* Task directions
Omit every picture and return the rest of the data unaltered.

* Data segment
⟨
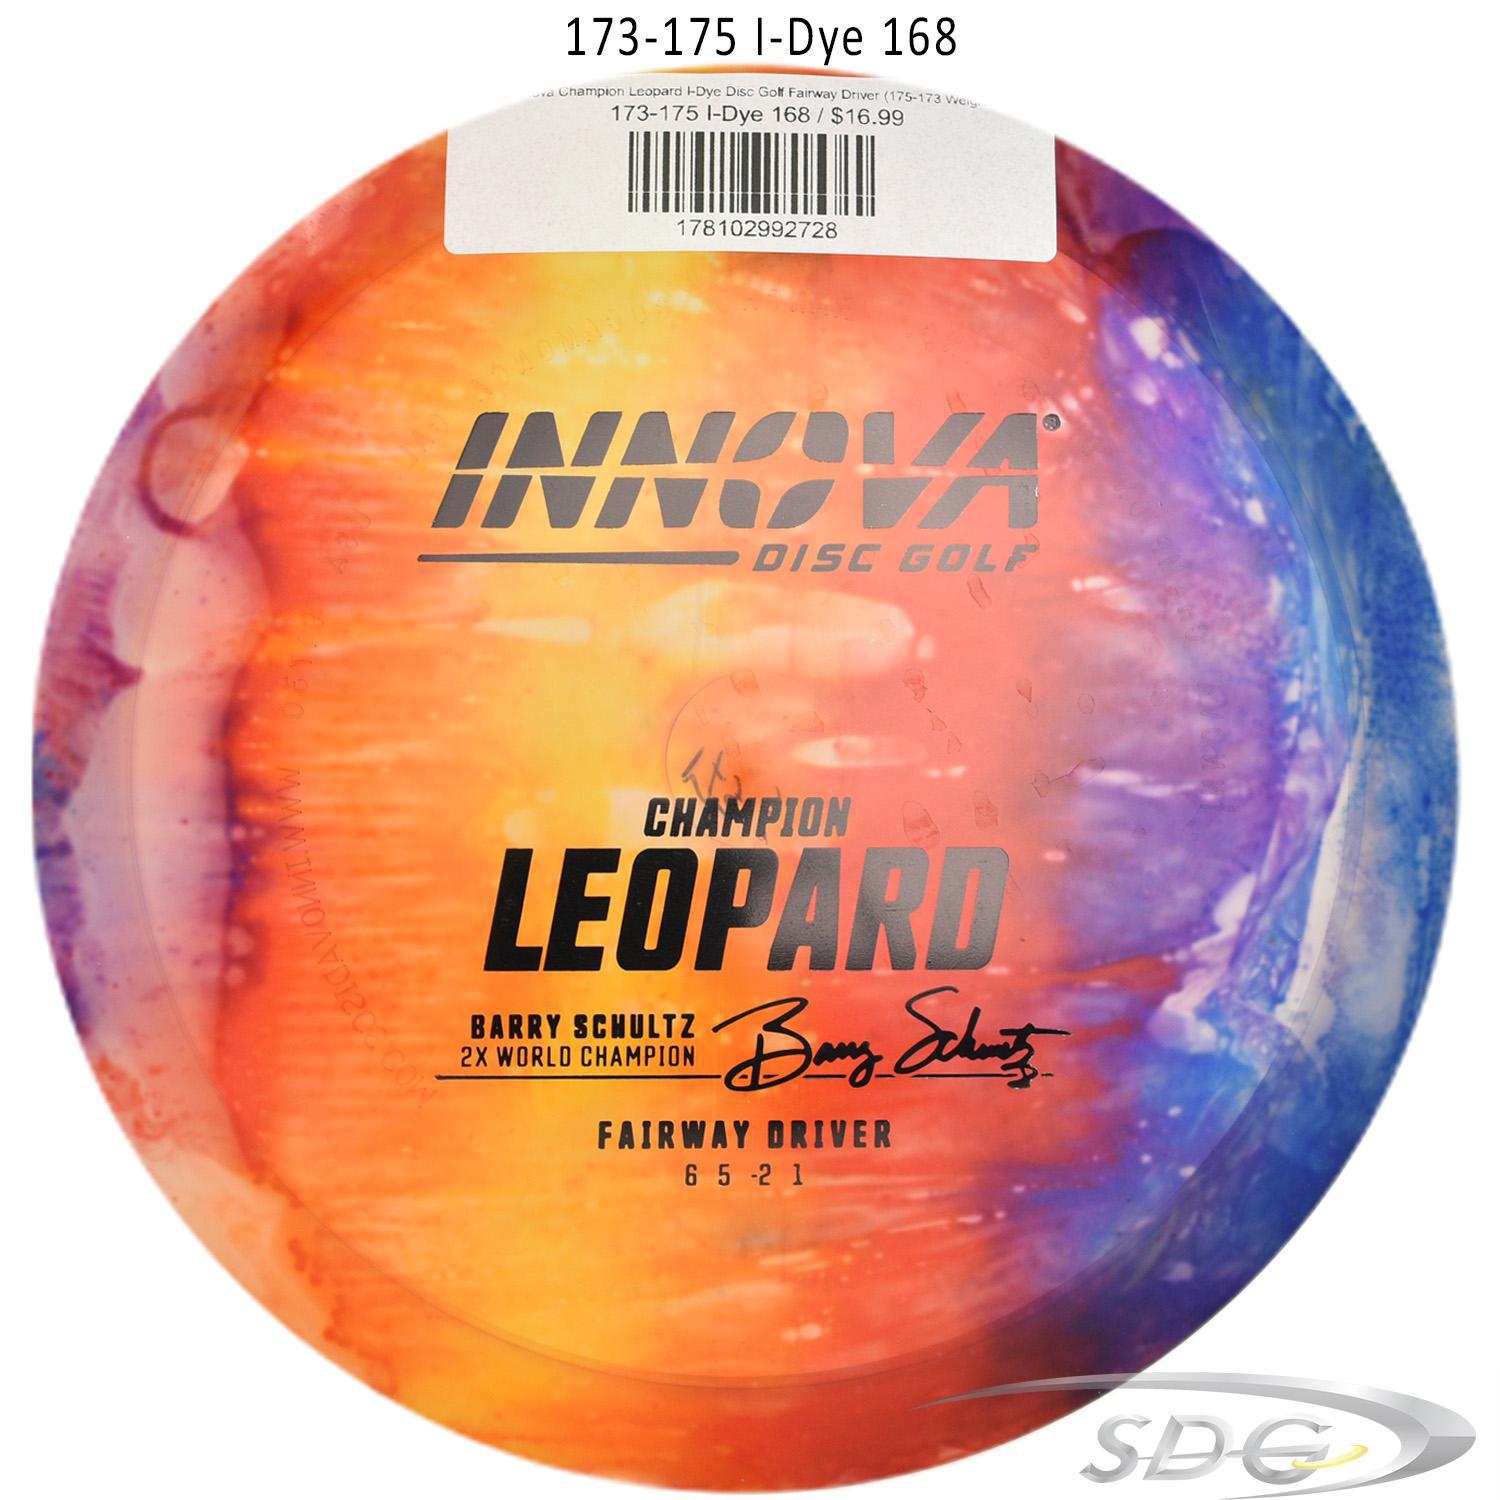 innova-champion-leopard-i-dye-disc-golf-fairway-driver 173-175 I-Dye 168 
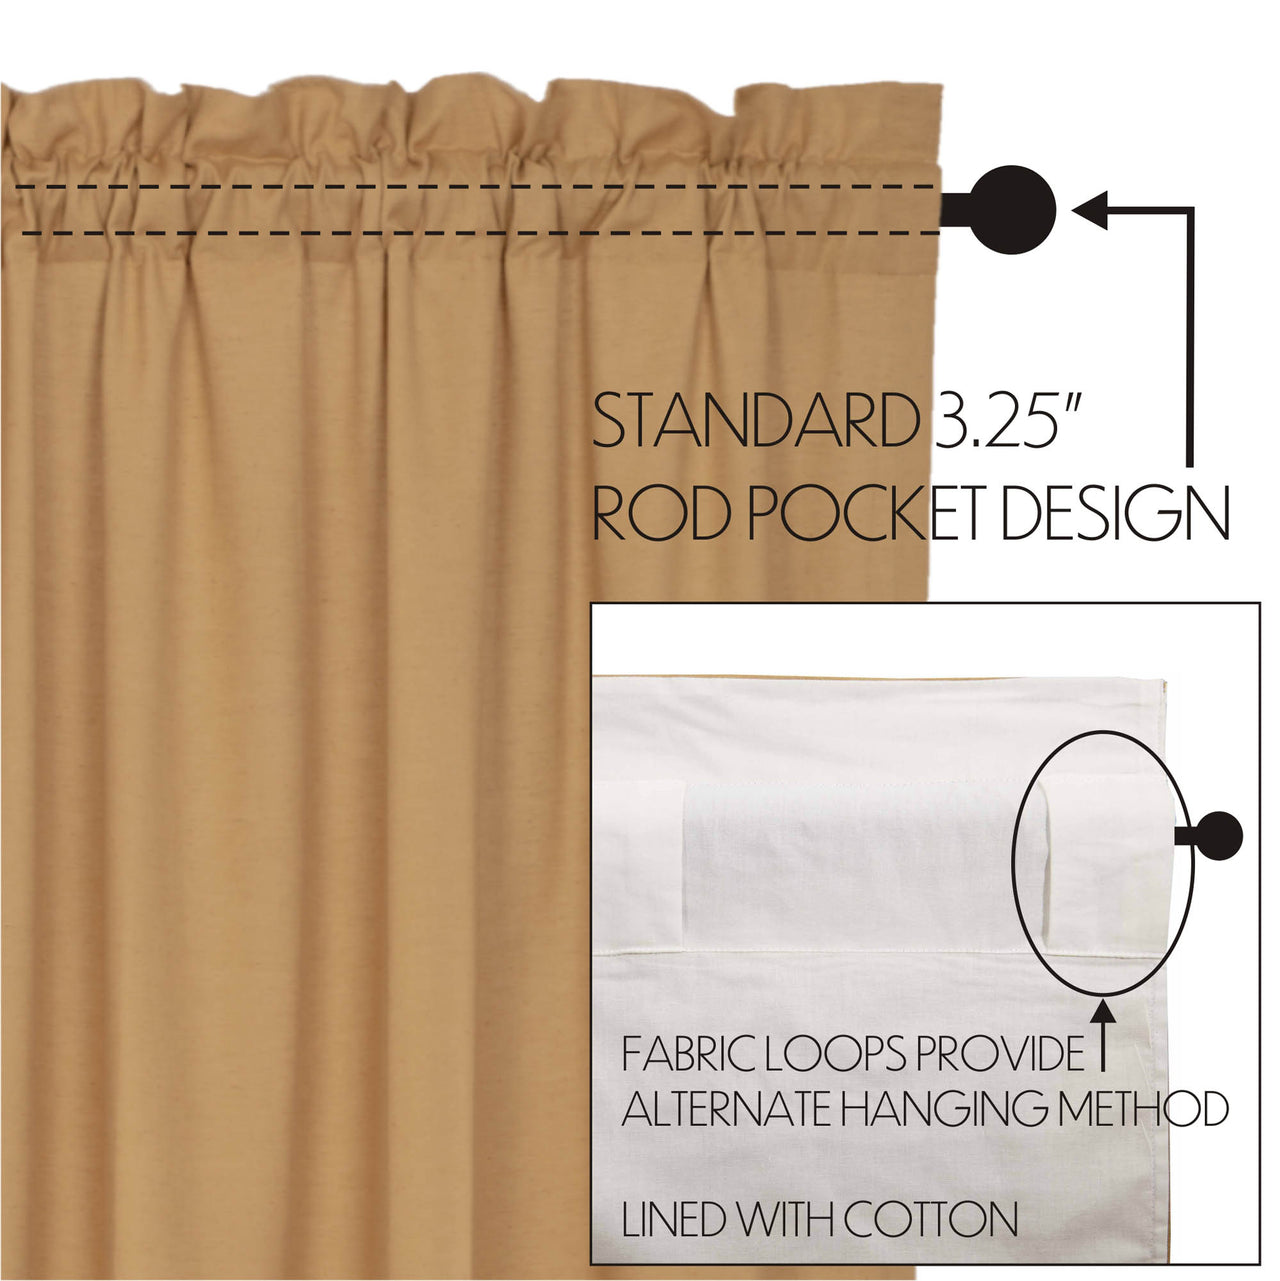 Simple Life Flax Khaki Valance Curtain 16x72 VHC Brands
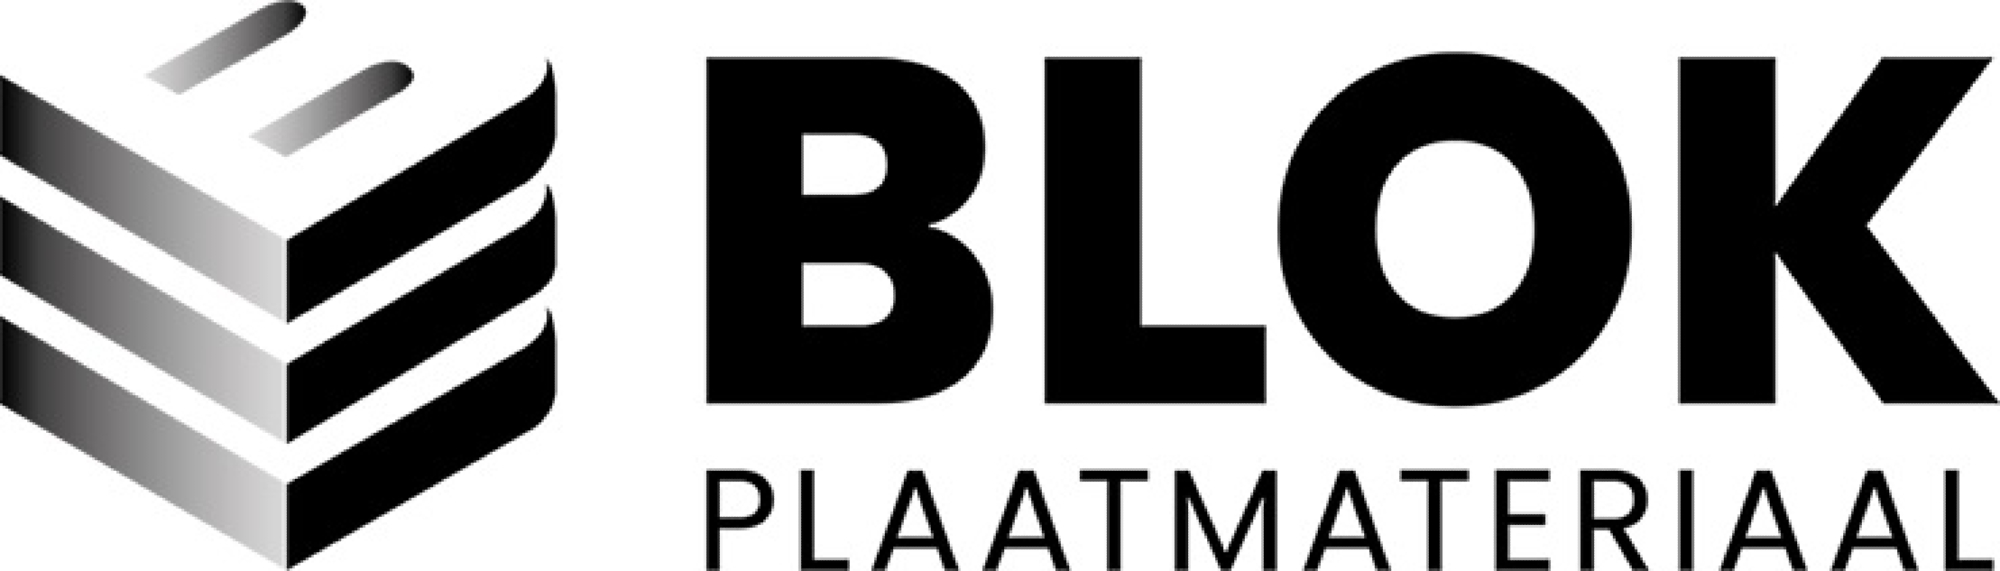 Lancering rebranding BLOK Plaatmateriaal
⟩
* Result for this exercise
 innova-champion-leopard-i-dye-disc-golf-fairway-driver 173-175 I-Dye 168 
 Simple Life Flax Khaki Valance Curtain 16x72 VHC Brands
 Lancering rebranding BLOK Plaatmateriaal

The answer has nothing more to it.